• Task requirements
Print out the full material below, exact in every line, with no images included.

• Supplied material
--------------------
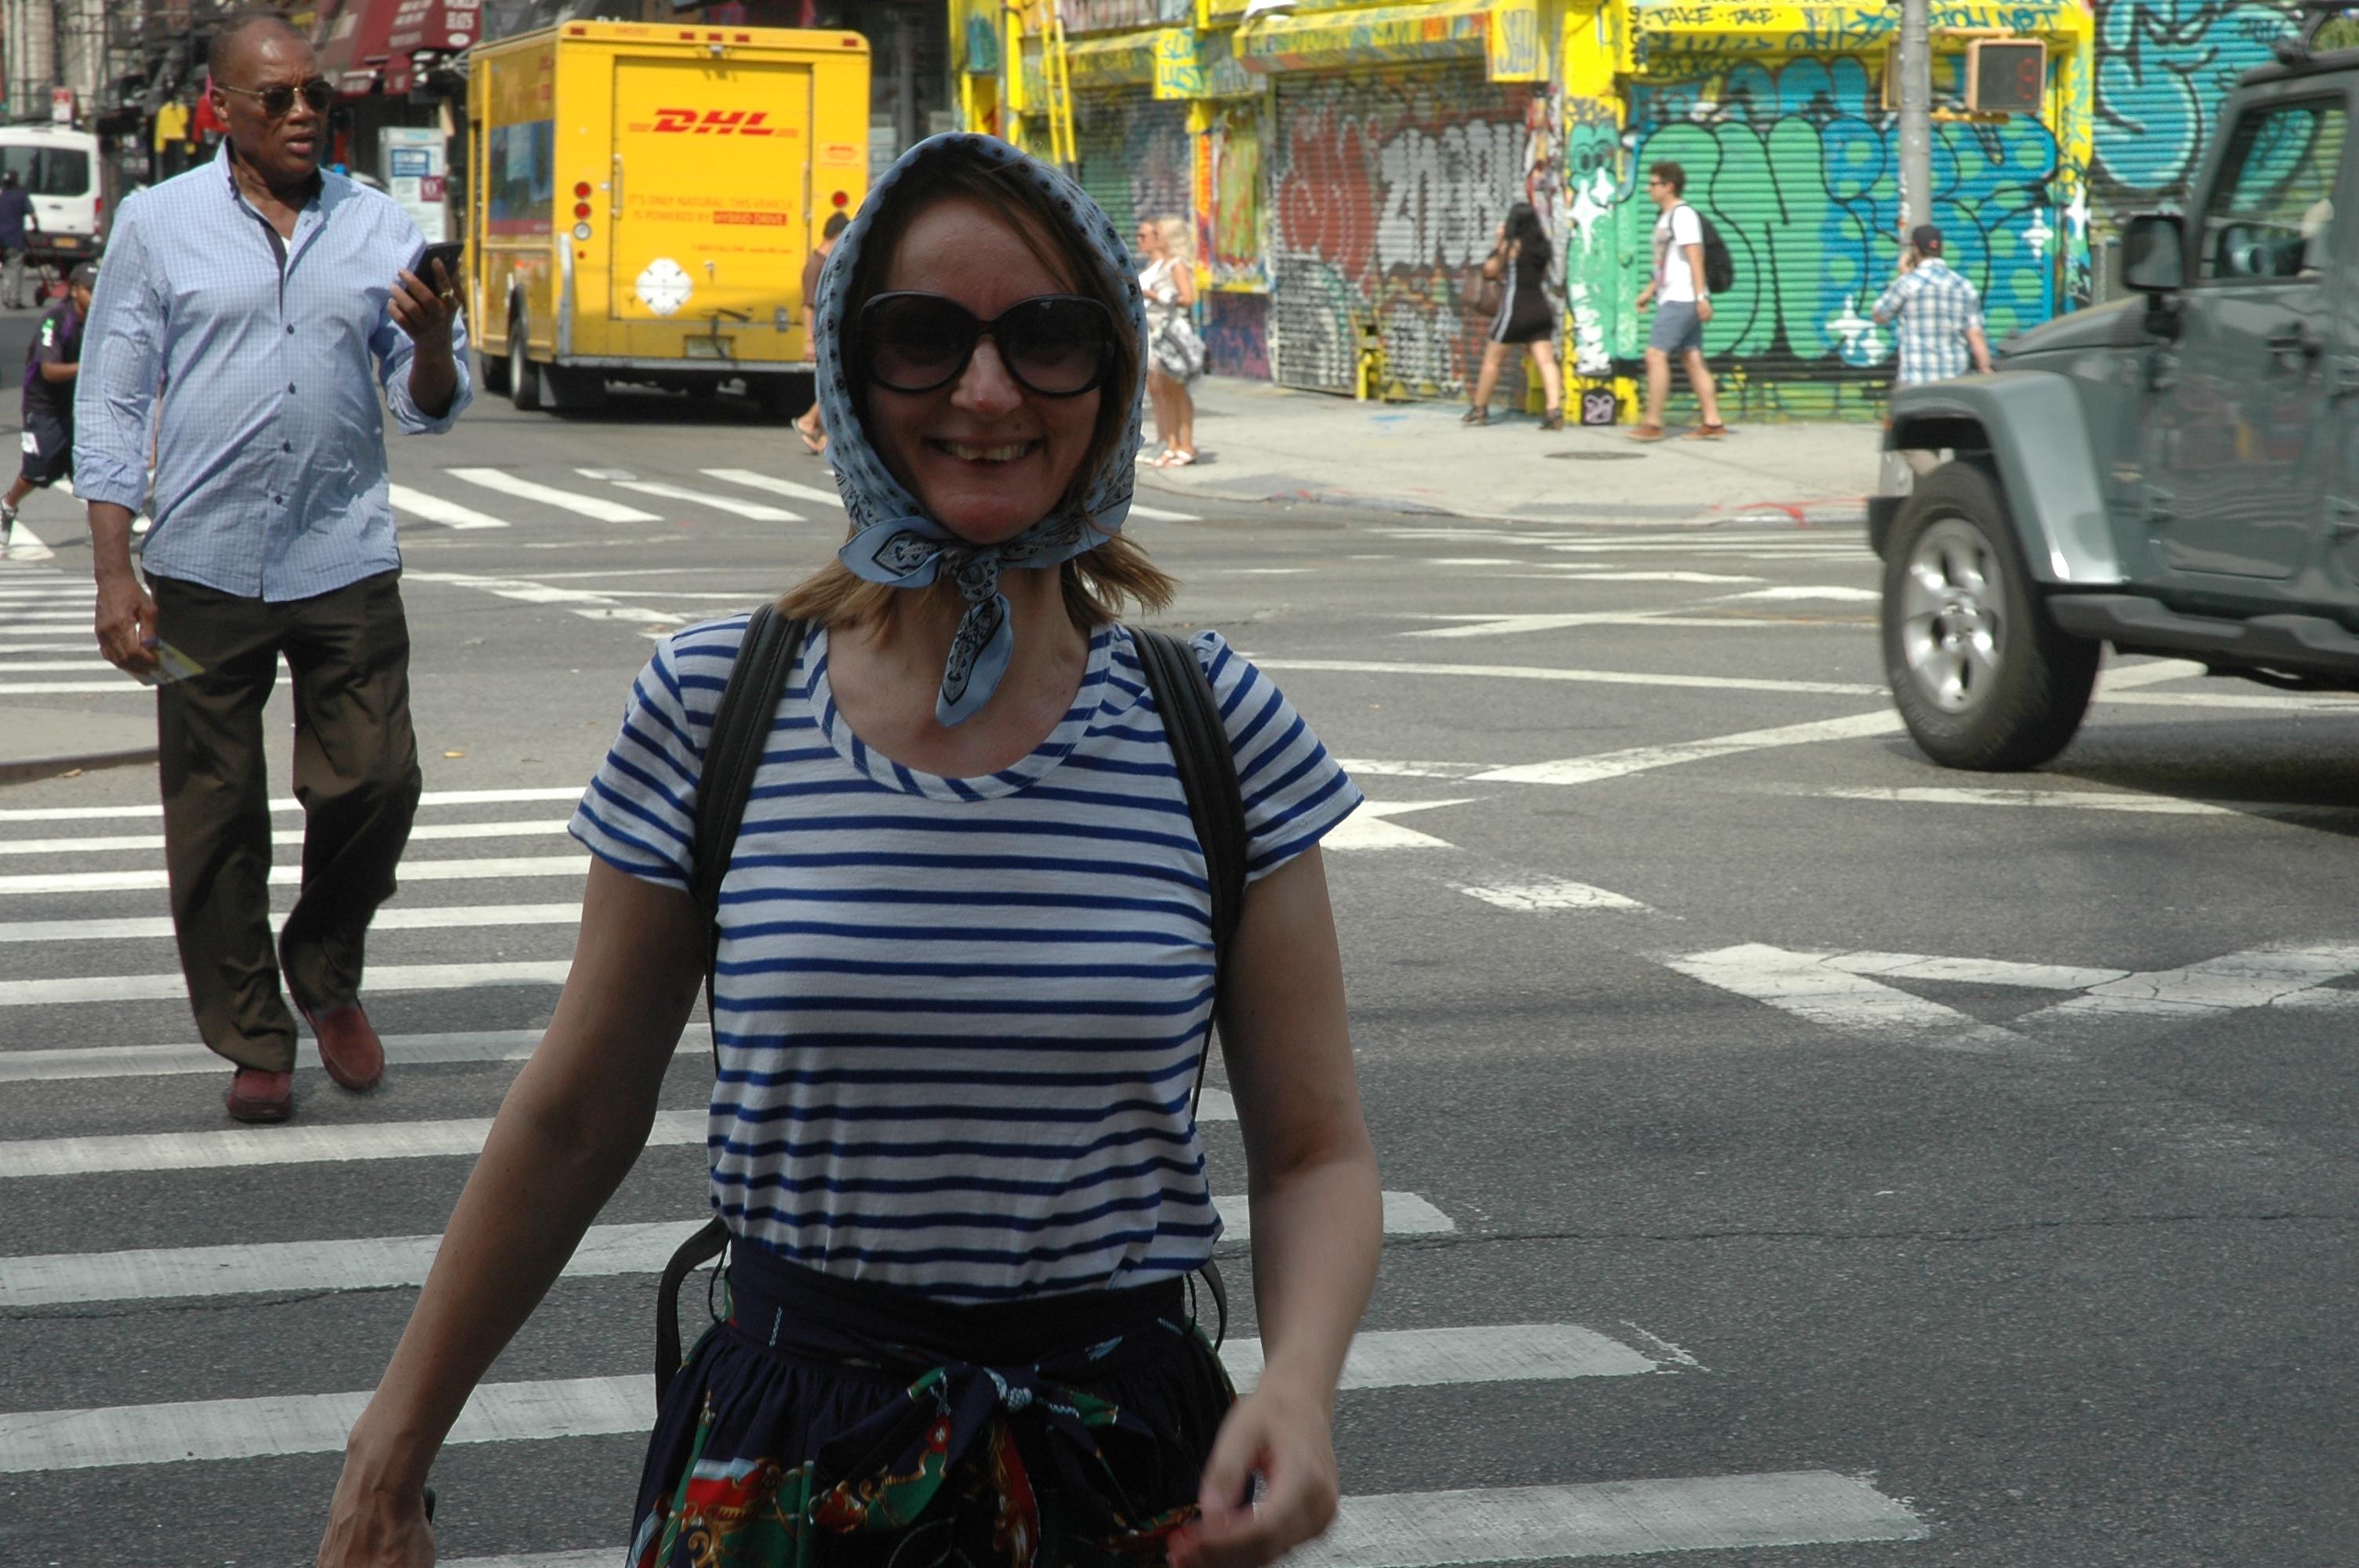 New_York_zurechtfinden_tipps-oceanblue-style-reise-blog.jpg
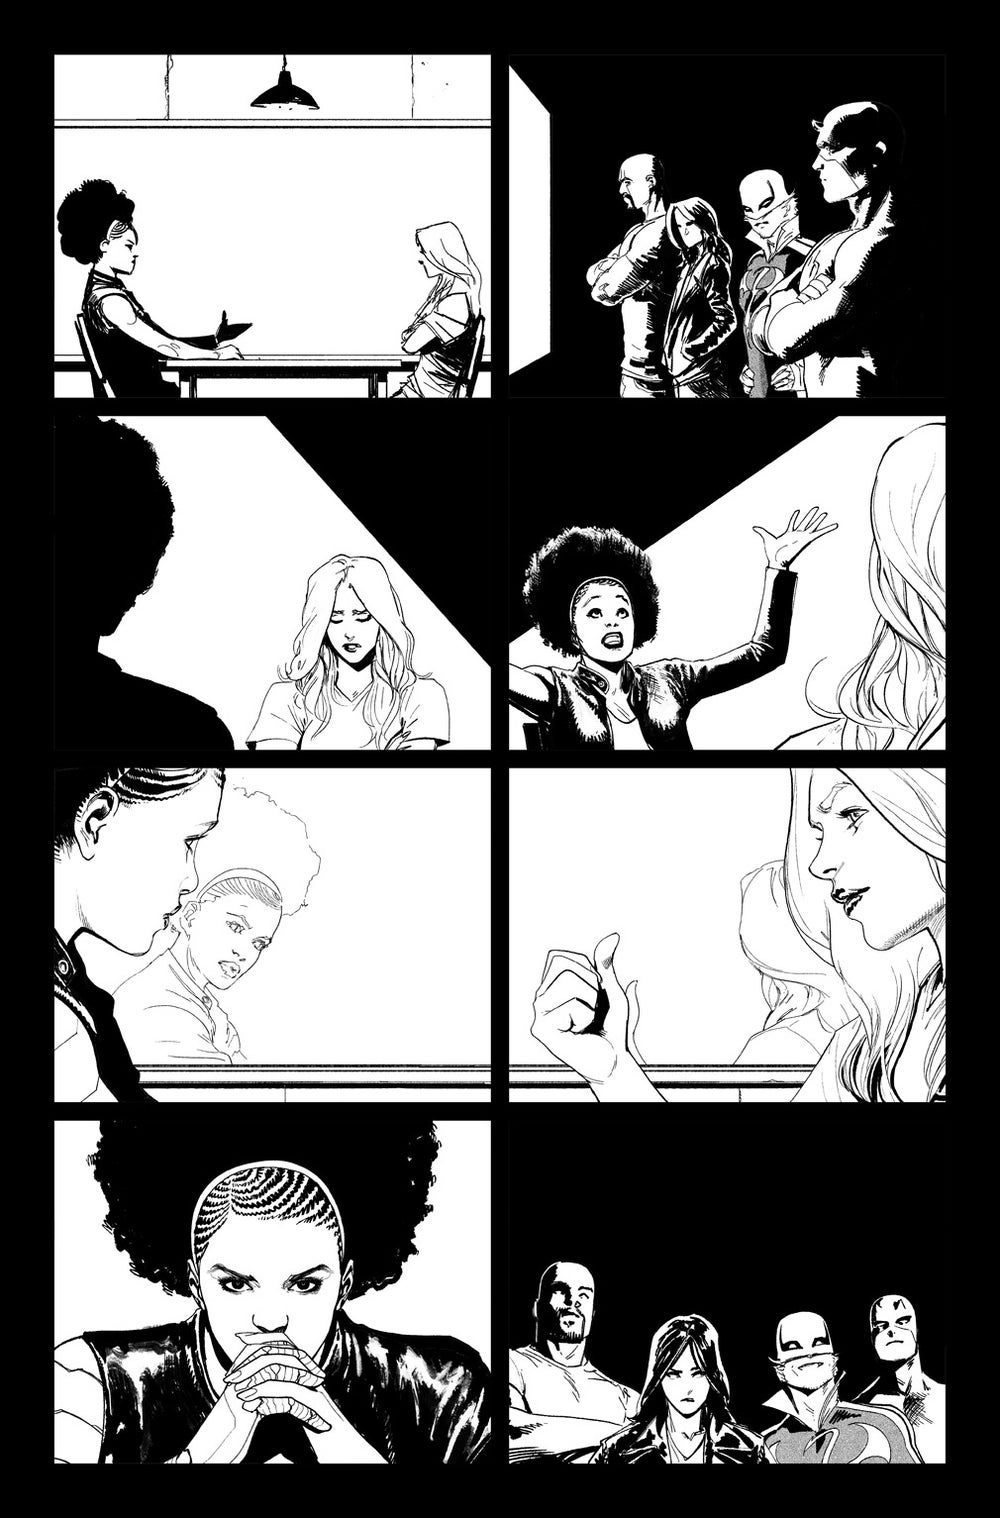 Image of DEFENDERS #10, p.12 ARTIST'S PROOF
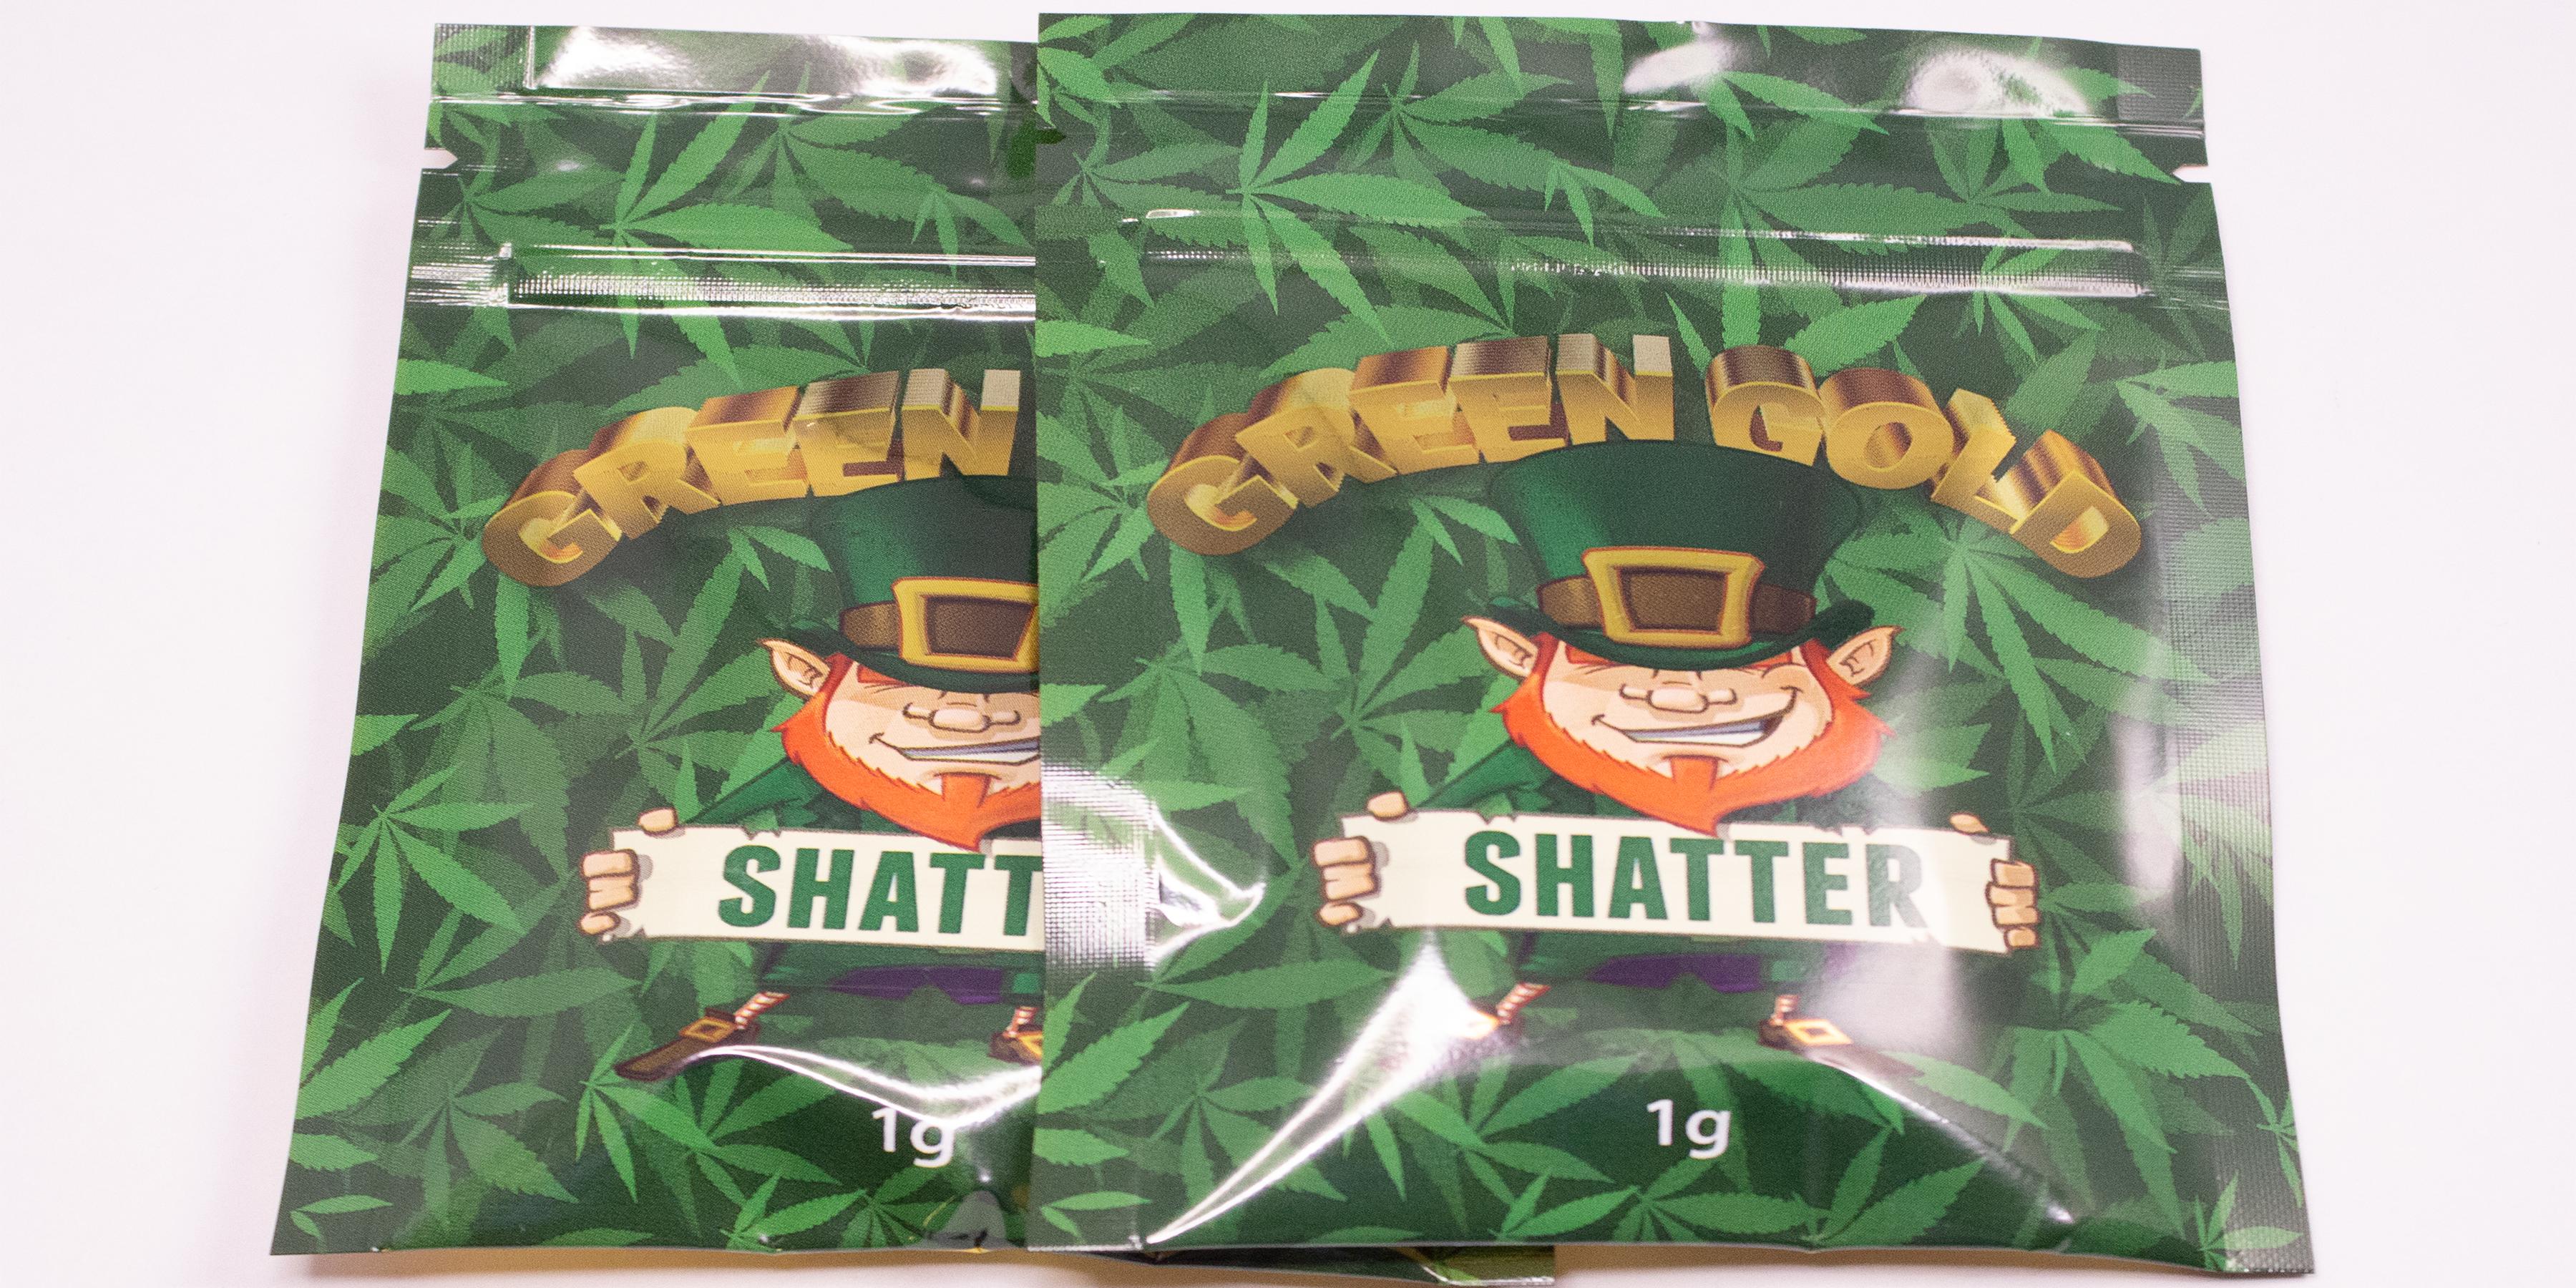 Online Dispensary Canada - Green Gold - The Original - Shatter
--------------------
• Solution for this problem
 New_York_zurechtfinden_tipps-oceanblue-style-reise-blog.jpg
 Image of DEFENDERS #10, p.12 ARTIST'S PROOF
 Online Dispensary Canada - Green Gold - The Original - Shatter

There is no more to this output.